2026-06-30

DDIM (Denoising Diffusion Implicit Models)

DDIM is a faster deterministic sampling method for [[Diffusion Model|diffusion models]] that generalizes [[Diffusion Model|DDPM]] by relaxing the Markovian assumption. It enables 10-50× fewer sampling steps while maintaining comparable quality, and introduces the crucial concept of deterministic inversion between noise and data.

1. Core Concept

1.1 Motivation

[[Diffusion Model|DDPM]] problem: Requires 1000 steps for high-quality sampling.

Root cause: The reverse process must closely follow the forward process’s path, which was defined as a [[Markov Process|Markov chain]] with small Gaussian steps.

DDIM insight: The [[Diffusion Model|DDPM]] objective only depends on marginals $q (x_{t} ∣ x_{0})$ , not on the specific joint distribution $q (x_{1 : T} ∣ x_{0})$ . This means we can define a different forward process that shares the same marginals but allows faster reverse sampling.

1.2 Key Innovation

DDIM defines a non-Markovian forward process:

[[Diffusion Model|DDPM]] forward: $q (x_{t} ∣ x_{t - 1})$ (Markovian)
DDIM forward: $q (x_{t - 1} ∣ x_{t}, x_{0})$ (non-Markovian, conditions on $x_{0}$ )

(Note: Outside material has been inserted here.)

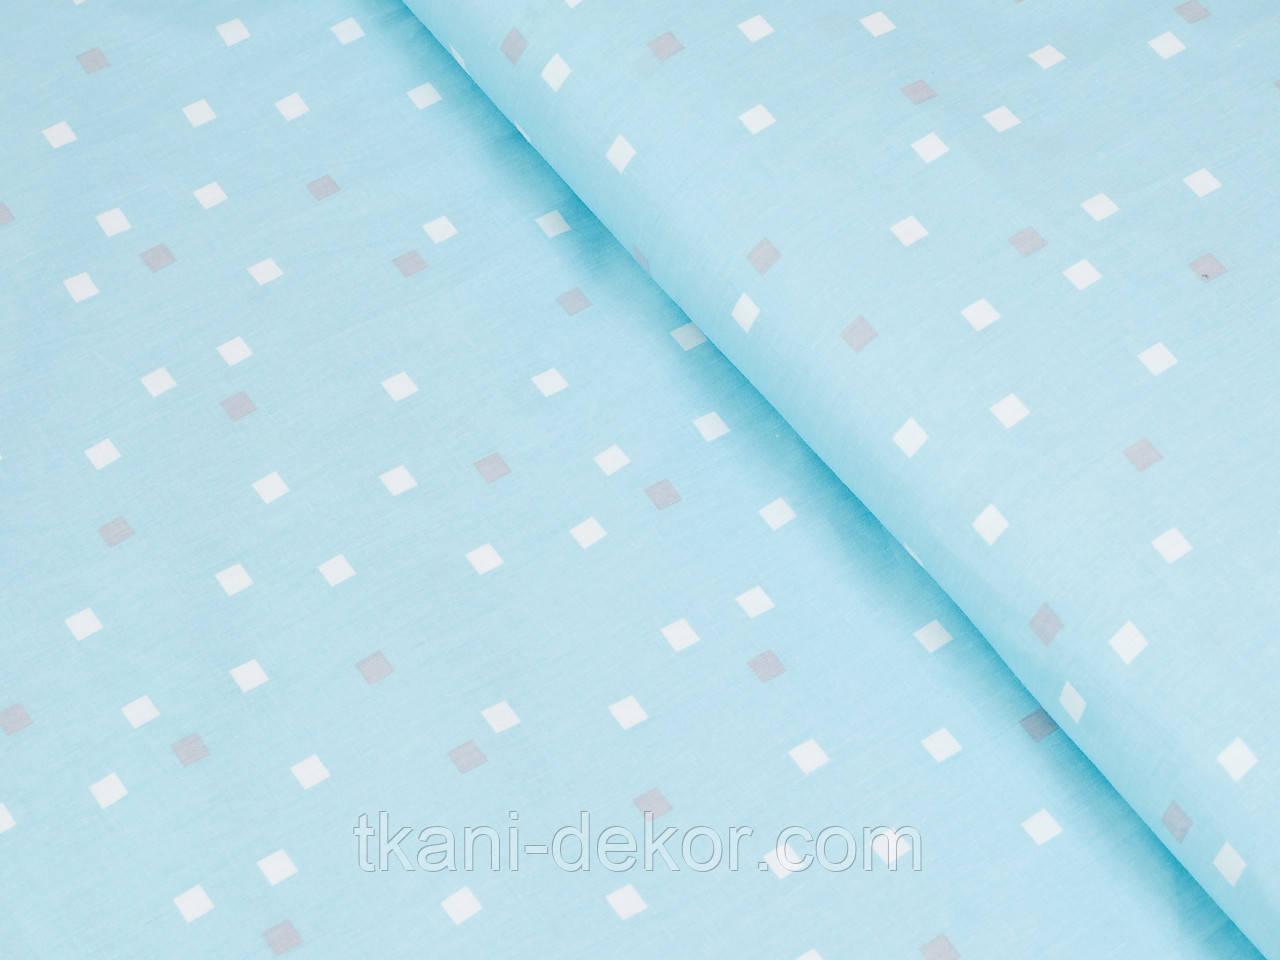 Сатин (хлопковая ткань) на голубом фоне квадраты бело-серые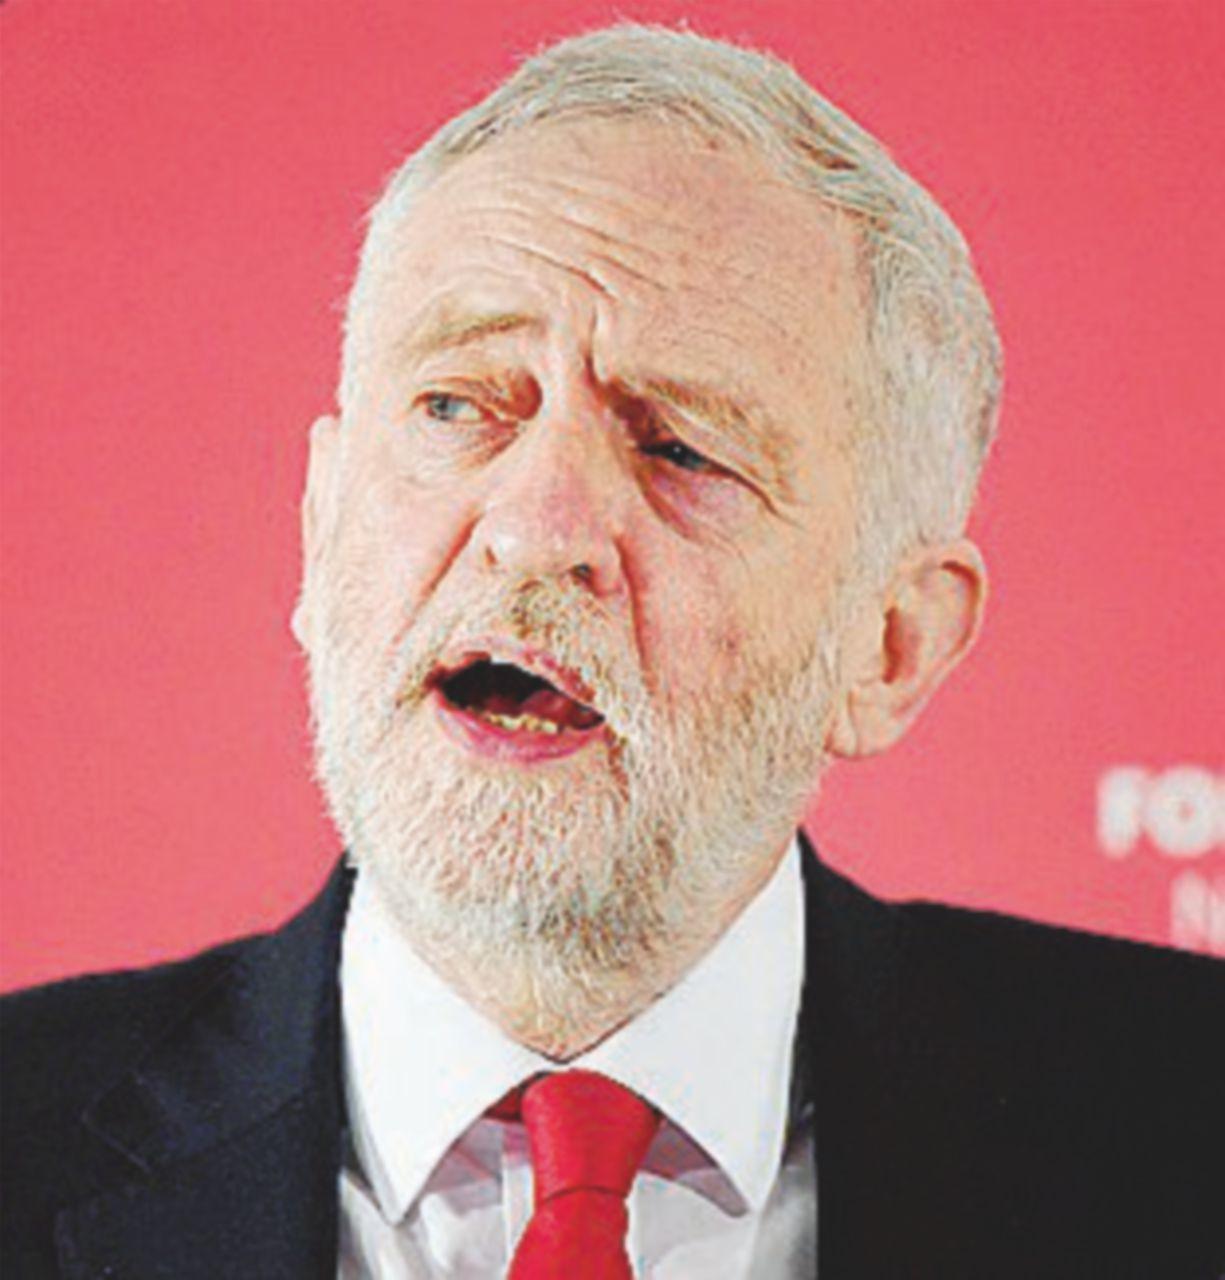 Compagni che sbagliano: Corbyn censurato dalla sinistra ebraica

Both share the same marginal distribution:

q (x_{t} ∣ x_{0}) = N (x_{t}; \sqrt{{\bar{α}}_{t}} x_{0}, (1 - {\bar{α}}_{t}) I)

[!NOTE] Core Insight
DDIM proves that the [[Diffusion Model|DDPM]] training objective is valid for a family of inference distributions, not just the Markovian one. By choosing a non-Markovian inference distribution, we can produce higher quality samples with fewer steps.

2. Mathematical Foundation

2.1 [[Diffusion Model|DDPM]] Review

[[Diffusion Model|DDPM]] forward process (Markov):

q (x_{1 : T} ∣ x_{0}) = \prod_{t = 1}^{T} q (x_{t} ∣ x_{t - 1})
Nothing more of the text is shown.